═══ Provided material

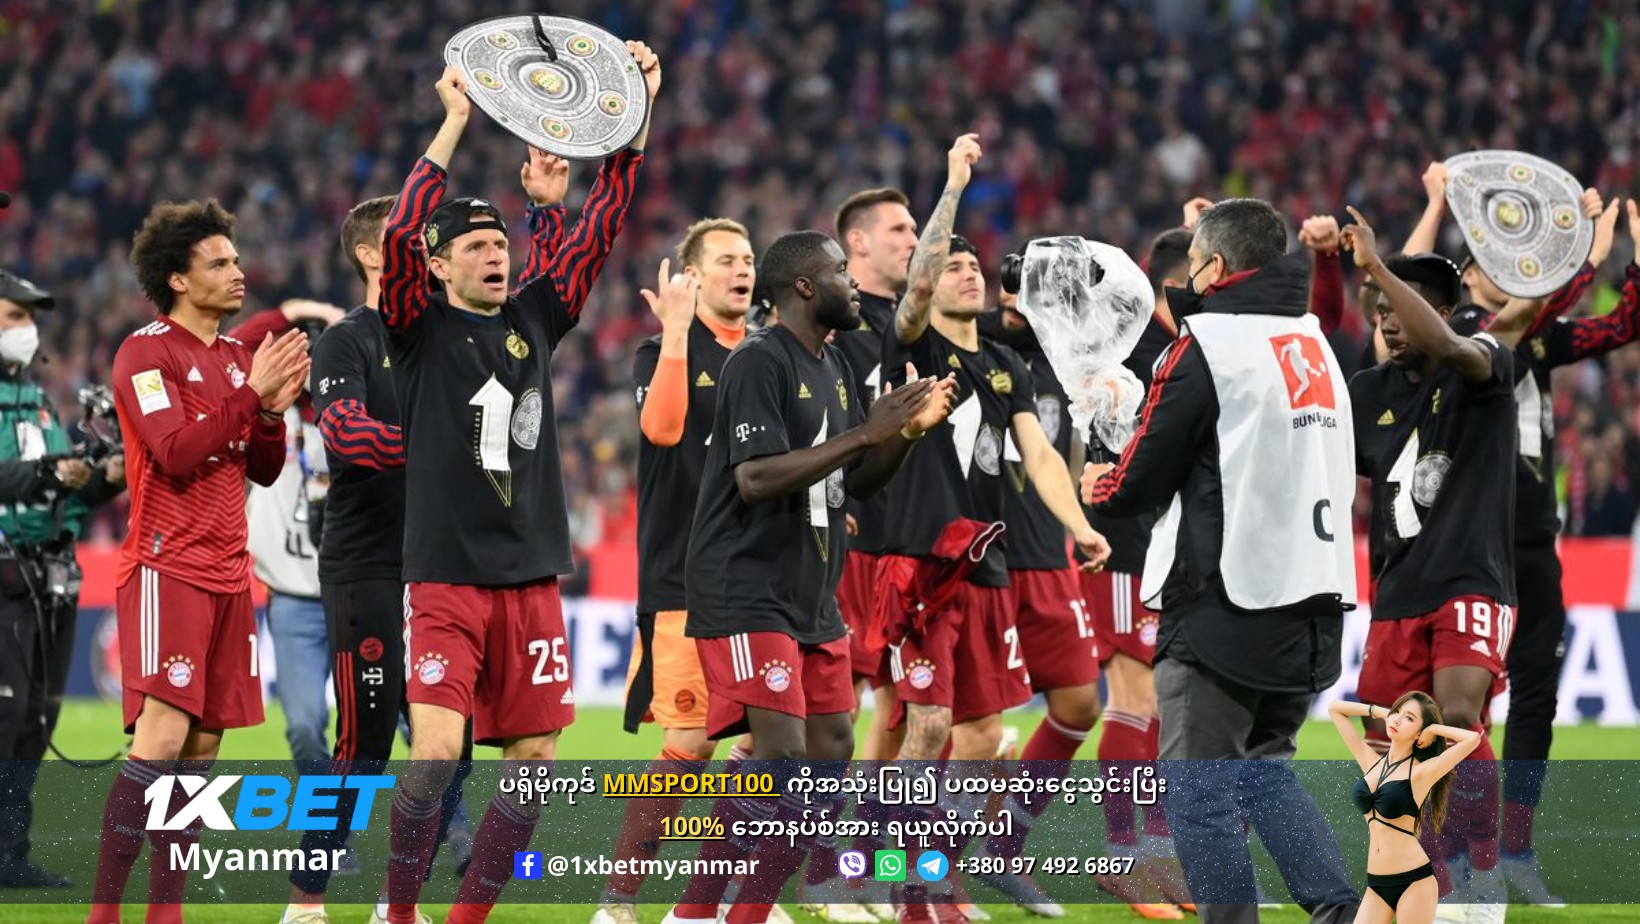 Bayen Munich are champions2022
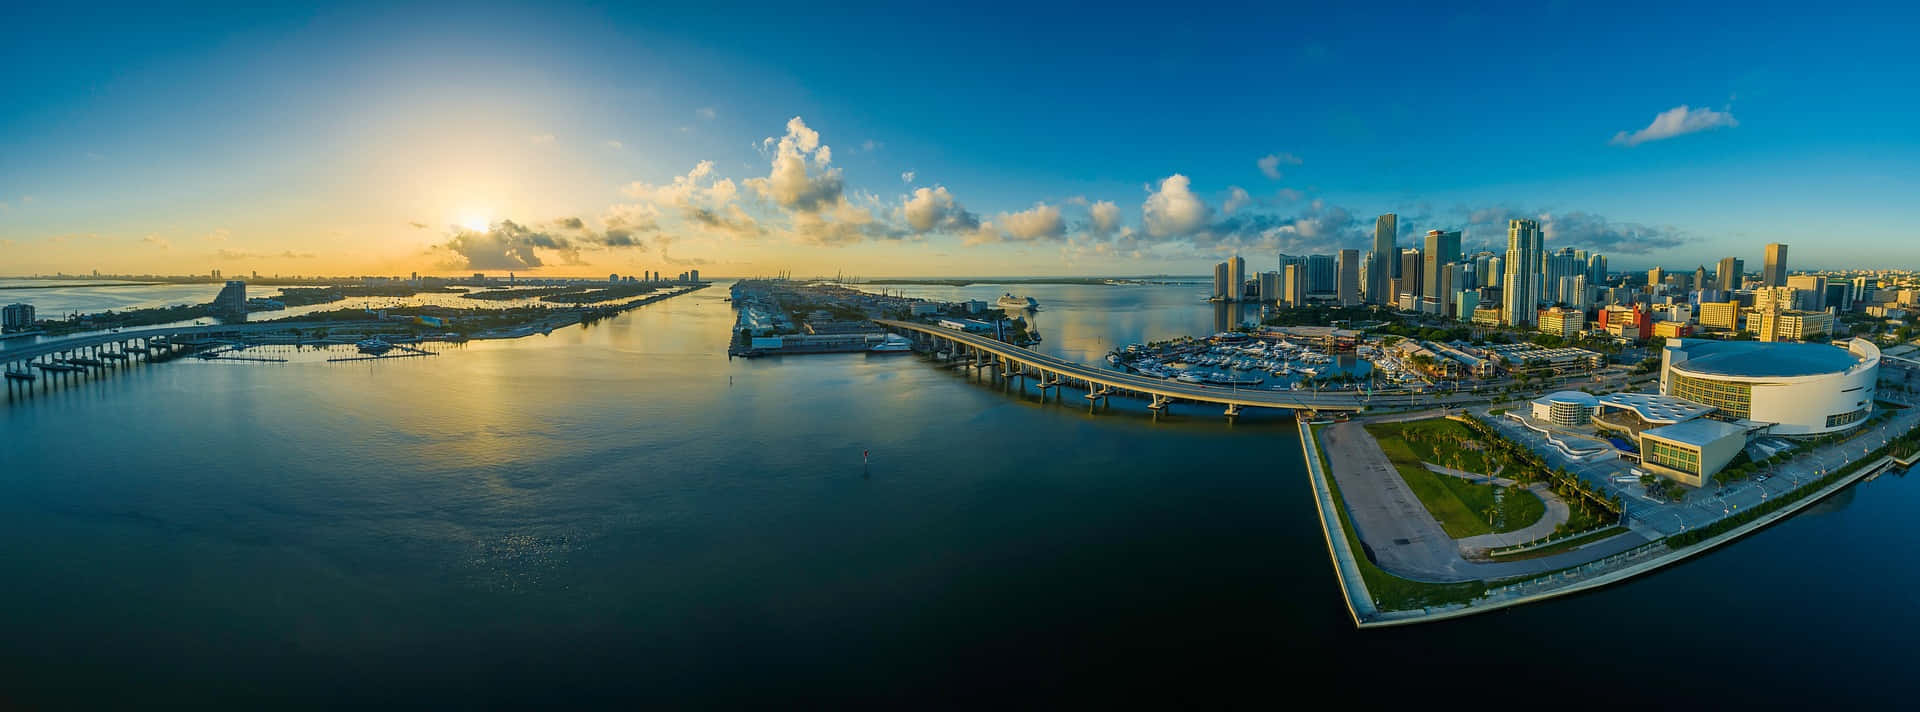 Imagenpanorámica Genial De La Ciudad De Miami
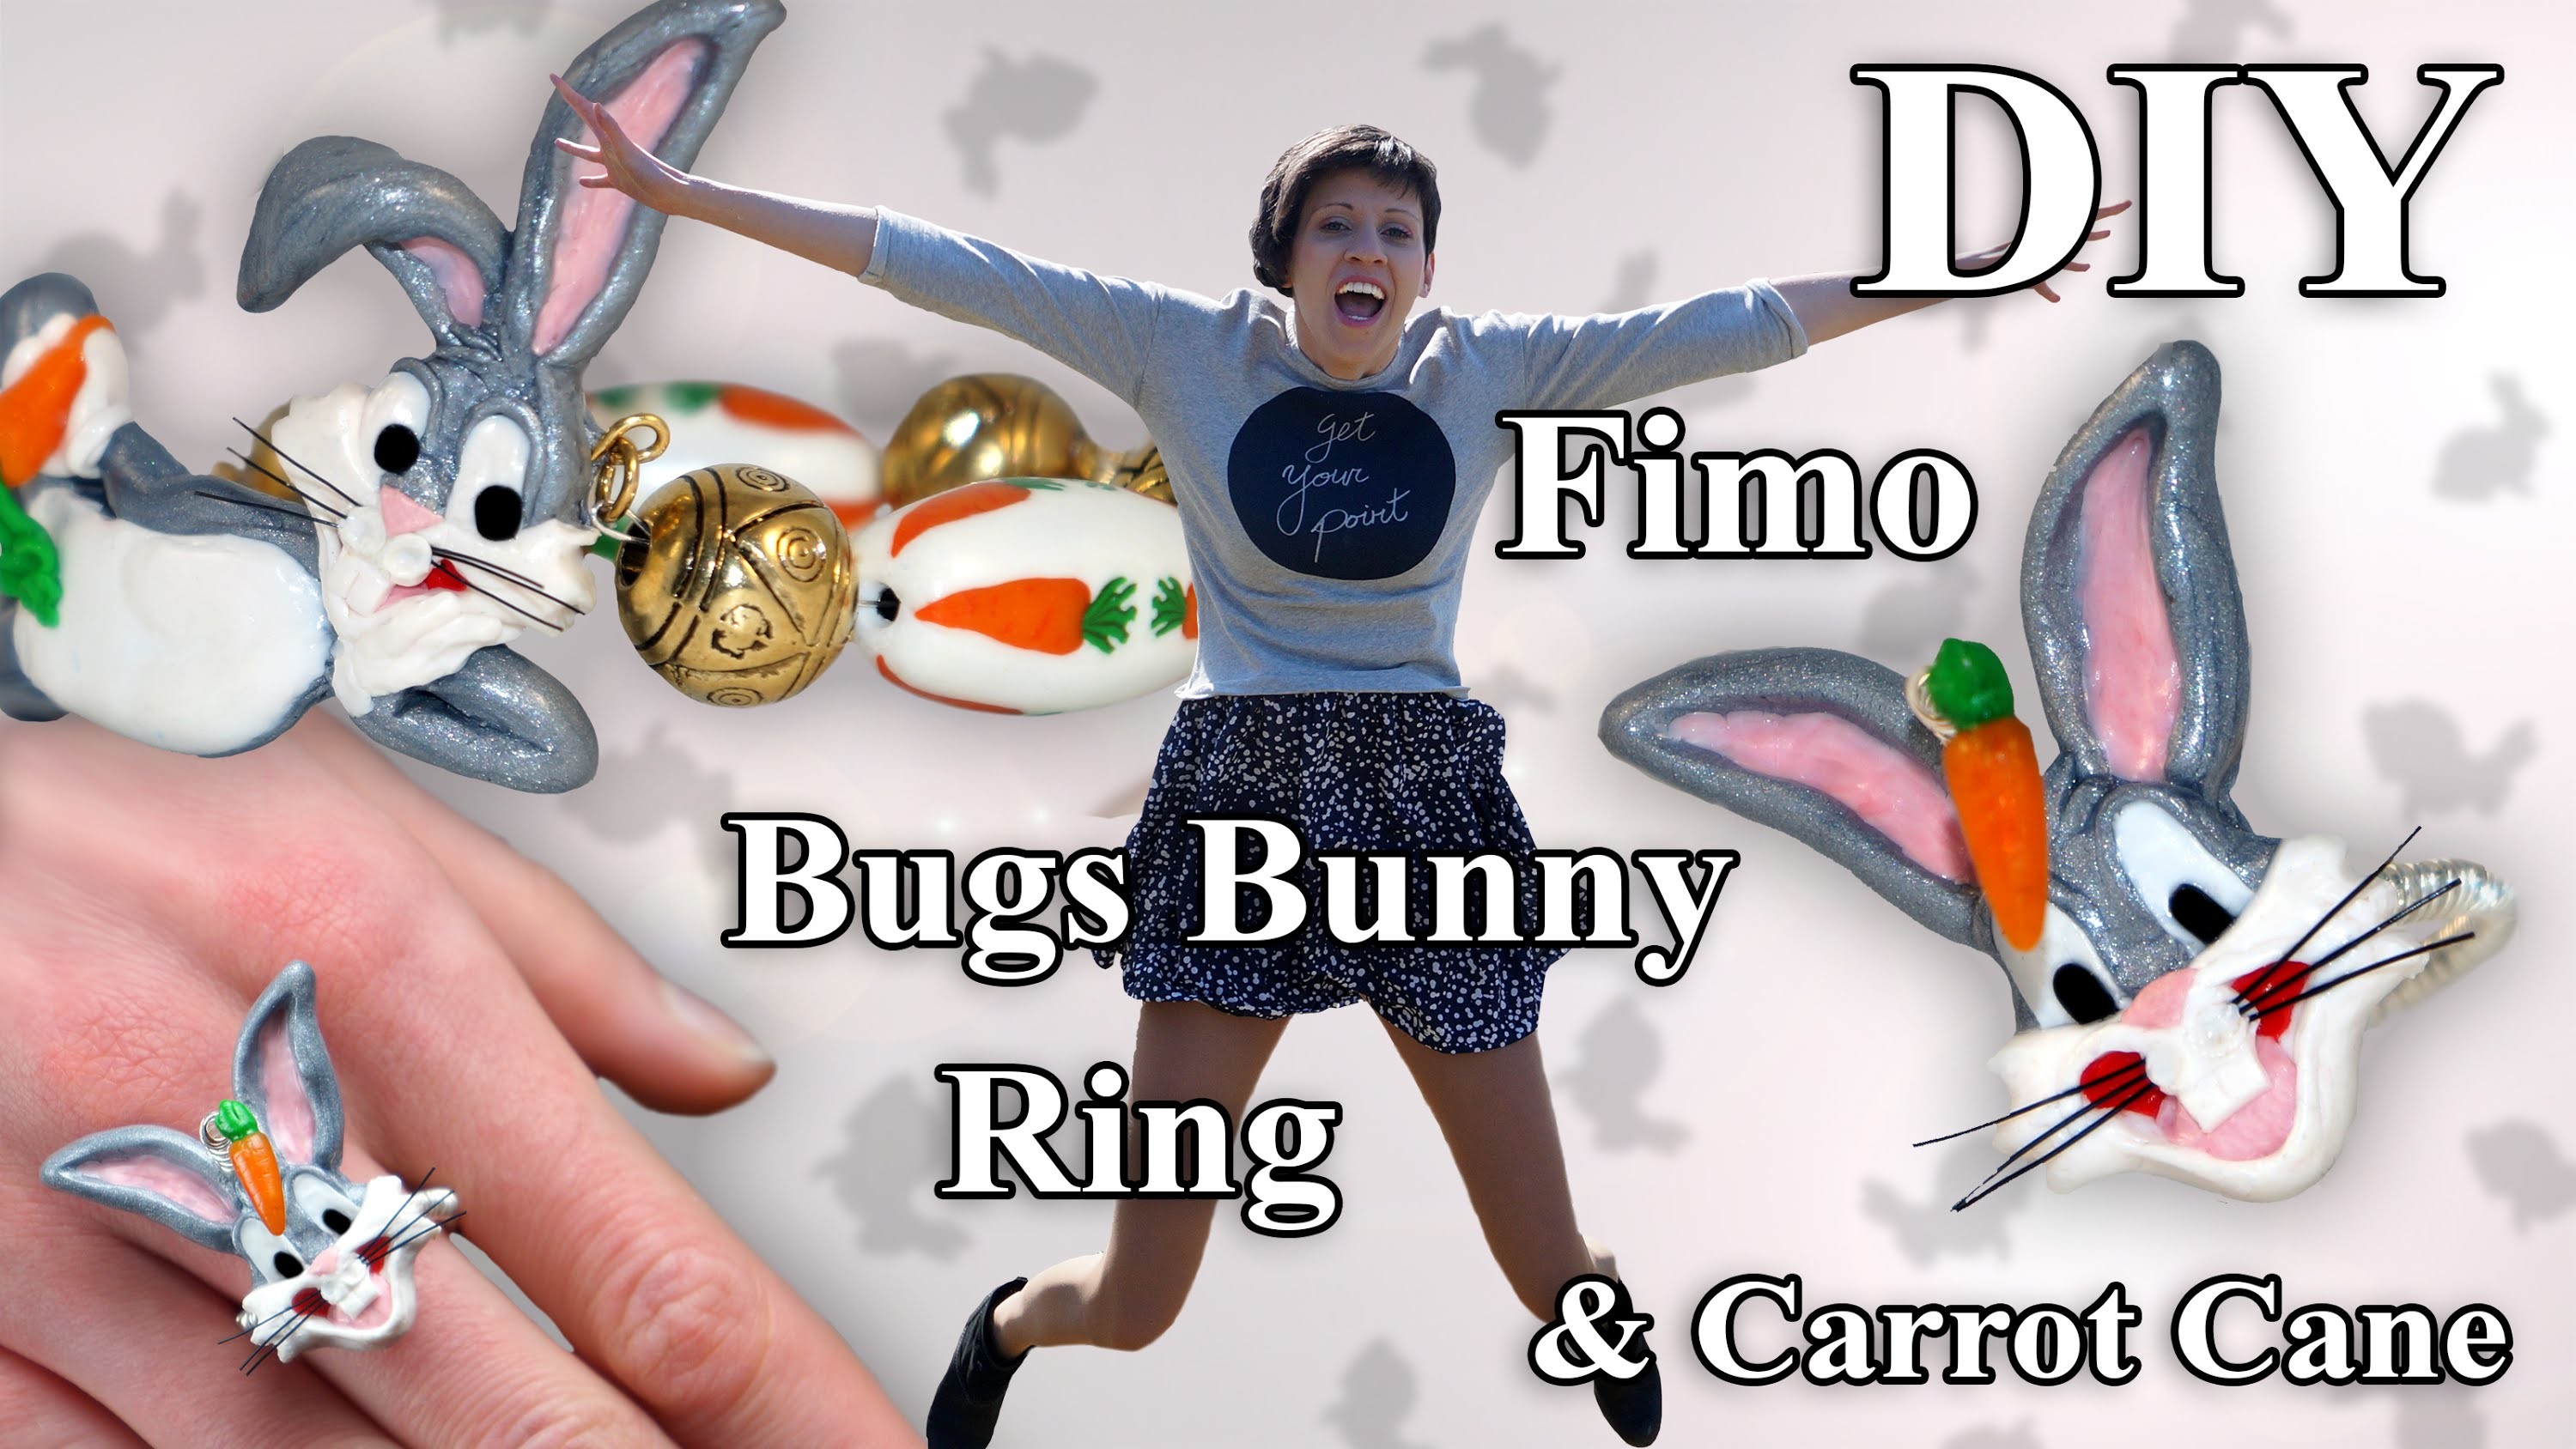 FIMO Karotten Cane: Polymer Bugs Bunny Ring - Tutorial [HD.DE] (EN-Sub)

══════

◆ **Work instructions**: An exact repetition of the listing is needed, with the pictures dropped.

◆ **Reply**:
 Bayen Munich are champions2022
 Imagenpanorámica Genial De La Ciudad De Miami
 FIMO Karotten Cane: Polymer Bugs Bunny Ring - Tutorial [HD.DE] (EN-Sub)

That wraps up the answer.